Me too, on the 'profile page' just under the avatar picture.


----------



## Katherine (2 Aug 2018)

RideLikeTheStig said:


> https://www.cyclechat.net/threads/how-do-i-customise-my-user-title-under-my-avatar.91049/
> 
> It doesn't appear there for me. I noticed that's an old thread. Has the option since been removed? I noticed many users have custom titles still so is there any criteria I would need to meet or something?


Someone will find out for you. (not me - I'm on holiday, so only on my phone.)


----------



## SpokeyDokey (2 Aug 2018)

I've just accessed it via Mods Admin and have inserted 'Test' in - so it is still working.


----------



## classic33 (2 Aug 2018)

Account, Personal Details, and put it in there.


----------



## User16625 (3 Aug 2018)

raleighnut said:


> Me too, on the 'profile page' just under the avatar picture.





SpokeyDokey said:


> I've just accessed it via Mods Admin and have inserted 'Test' in - so it is still working.

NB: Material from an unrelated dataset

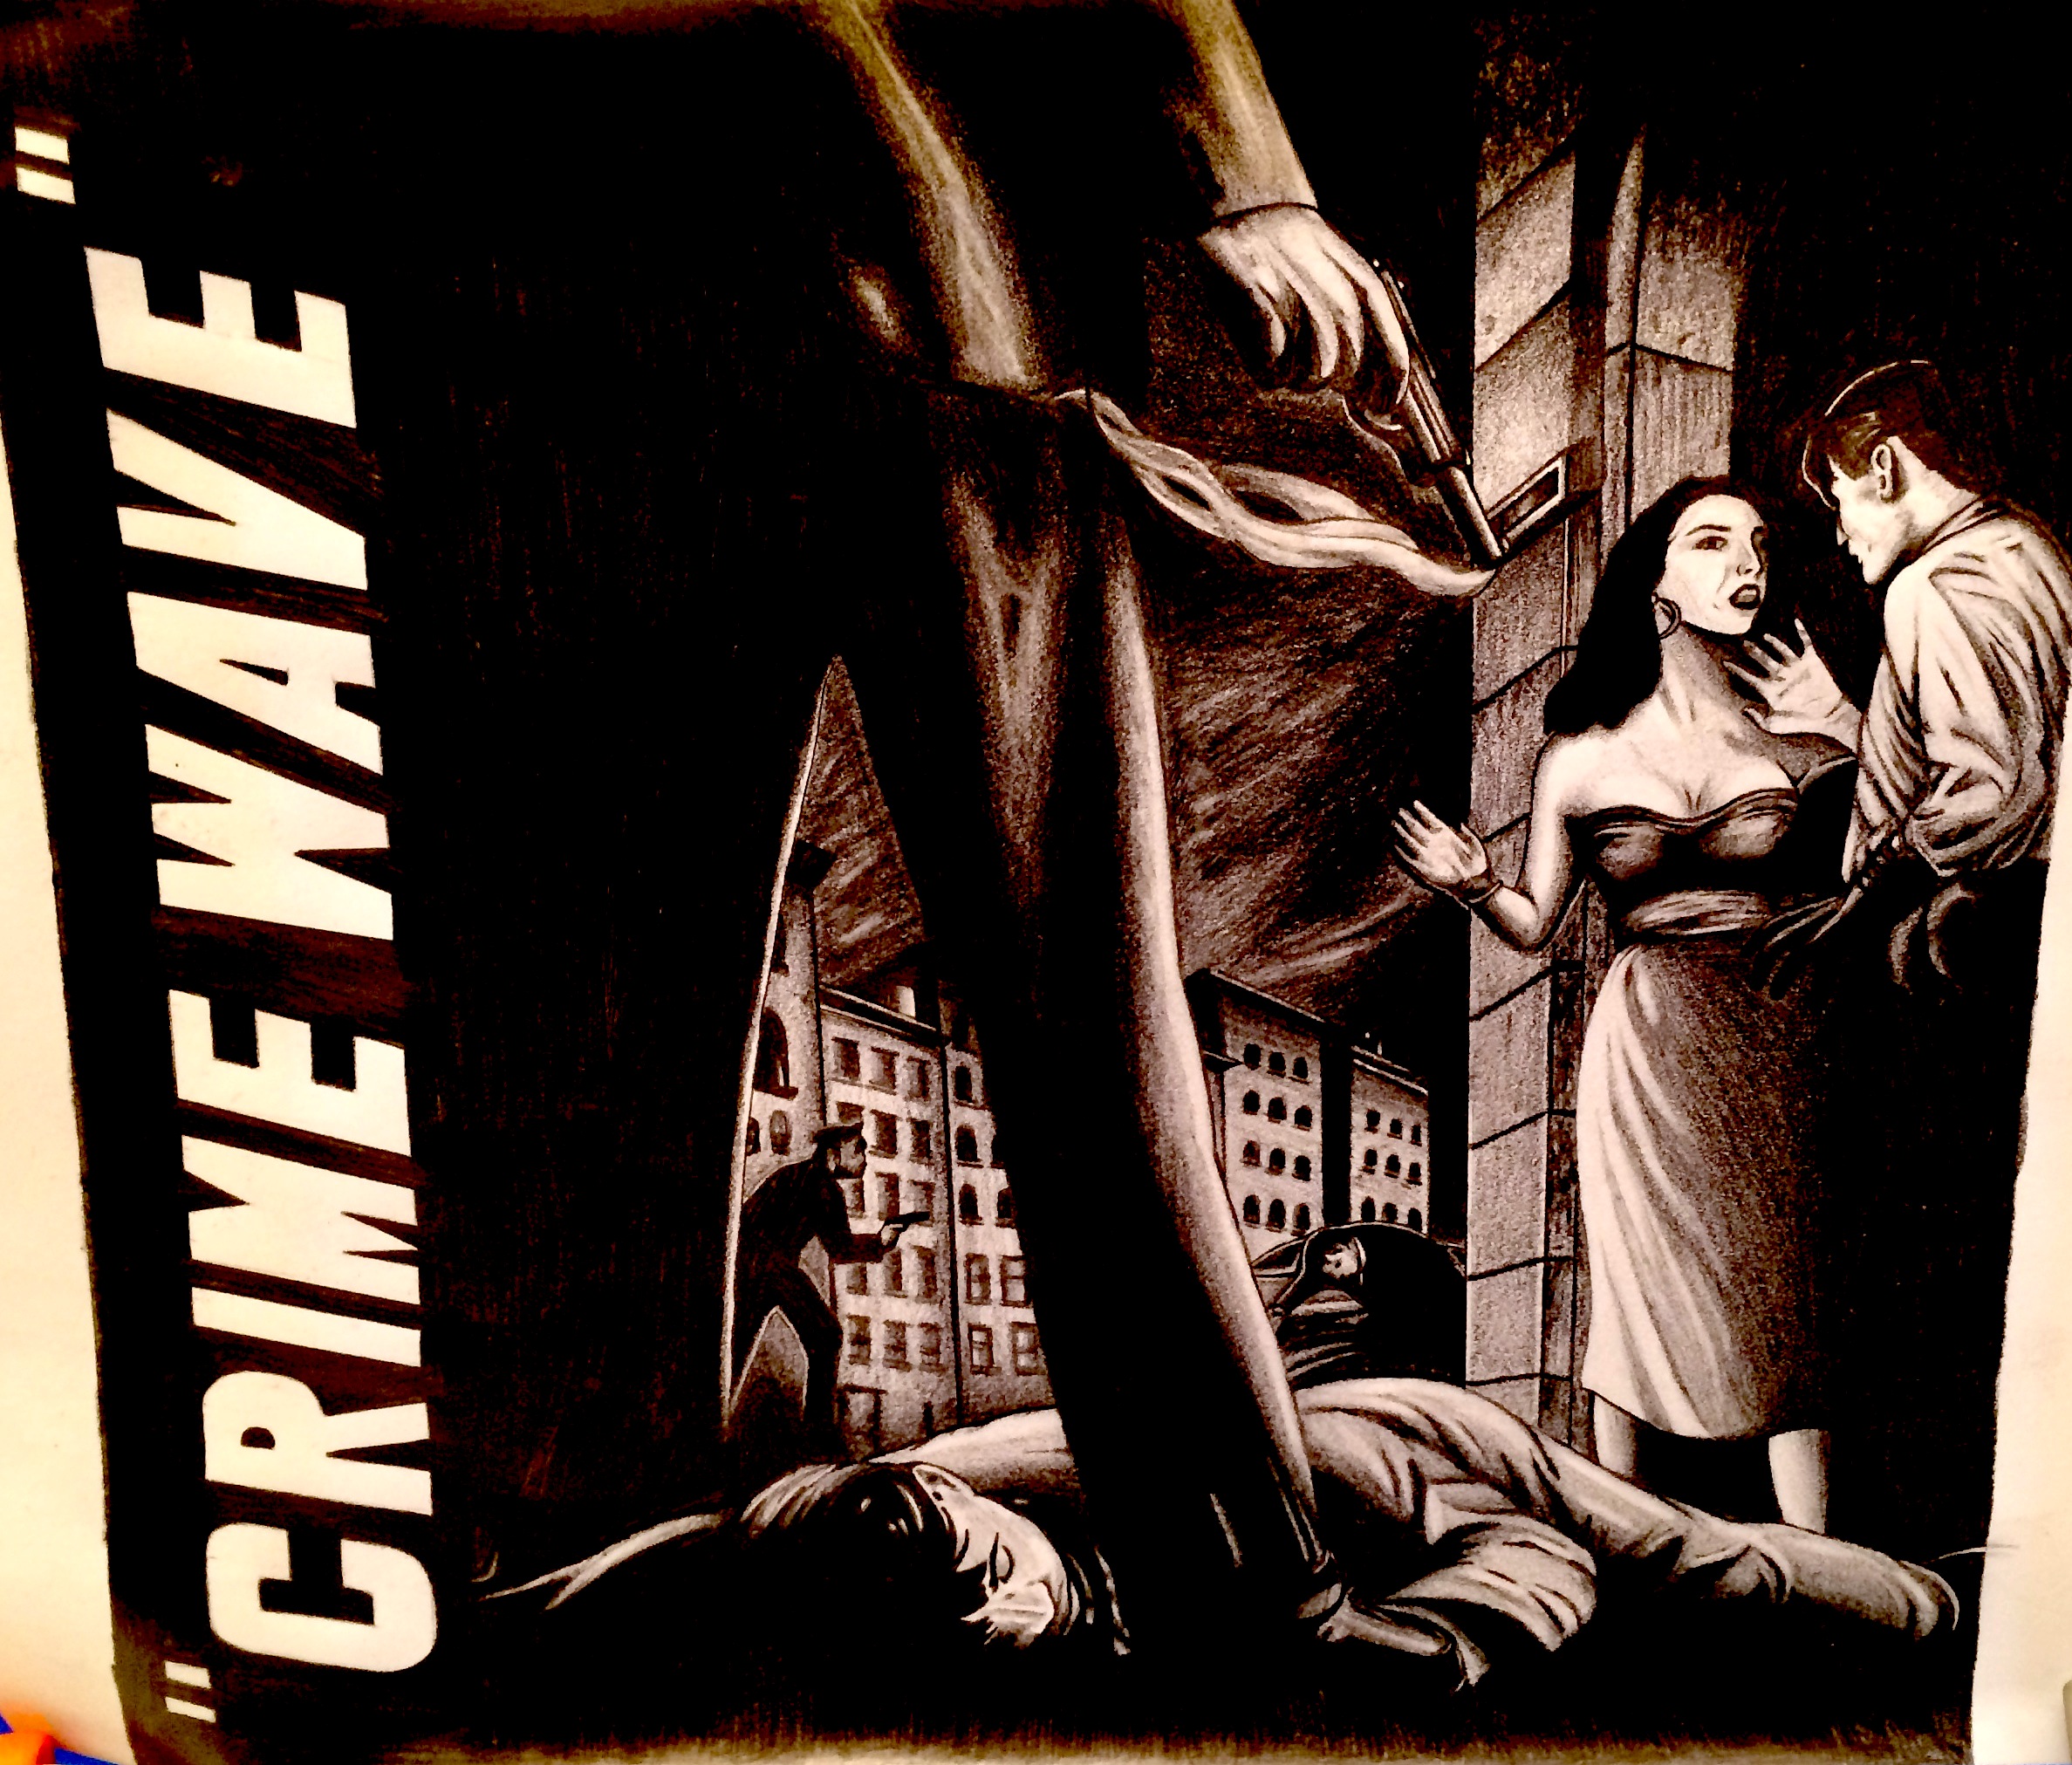 Crime wave by bettydtb

This is what I get. I'm guessing the option is supposed to appear between the Avatar option and the Gender option. I also searched for the word "test". It did not find the word in the personal details page.


----------



## raleighnut (3 Aug 2018)

RideLikeTheStig said:


> This is what I get. I'm guessing the option is supposed to appear between the Avatar option and the Gender option. I also searched for the word "test". It did not find the word in the personal details page.

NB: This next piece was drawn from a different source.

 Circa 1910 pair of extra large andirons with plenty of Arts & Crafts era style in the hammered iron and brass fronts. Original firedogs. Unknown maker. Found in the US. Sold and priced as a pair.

Yep that's where it's supposed to be.


----------



## jefmcg (3 Aug 2018)

RideLikeTheStig said:


> This is what I get. I'm guessing the option is supposed to appear between the Avatar option and the Gender option. I also searched for the word "test". It did not find the word in the personal details page.


Do you also not have the upload a file option when posting? If so, it looks like your account is restricted in some way.


----------



## User16625 (4 Aug 2018)

jefmcg said:


> Do you also not have the upload a file option when posting? If so, it looks like your account is restricted in some way.
> 
> View attachment 422310



Did not know there was such a thing. Now that you mentioned it, yes I do have it, next to the post reply one. Ironic I never noticed that sitting there like a speed limit sign.


----------



## SpokeyDokey (4 Aug 2018)

PM sent to @RideLikeTheStig .


----------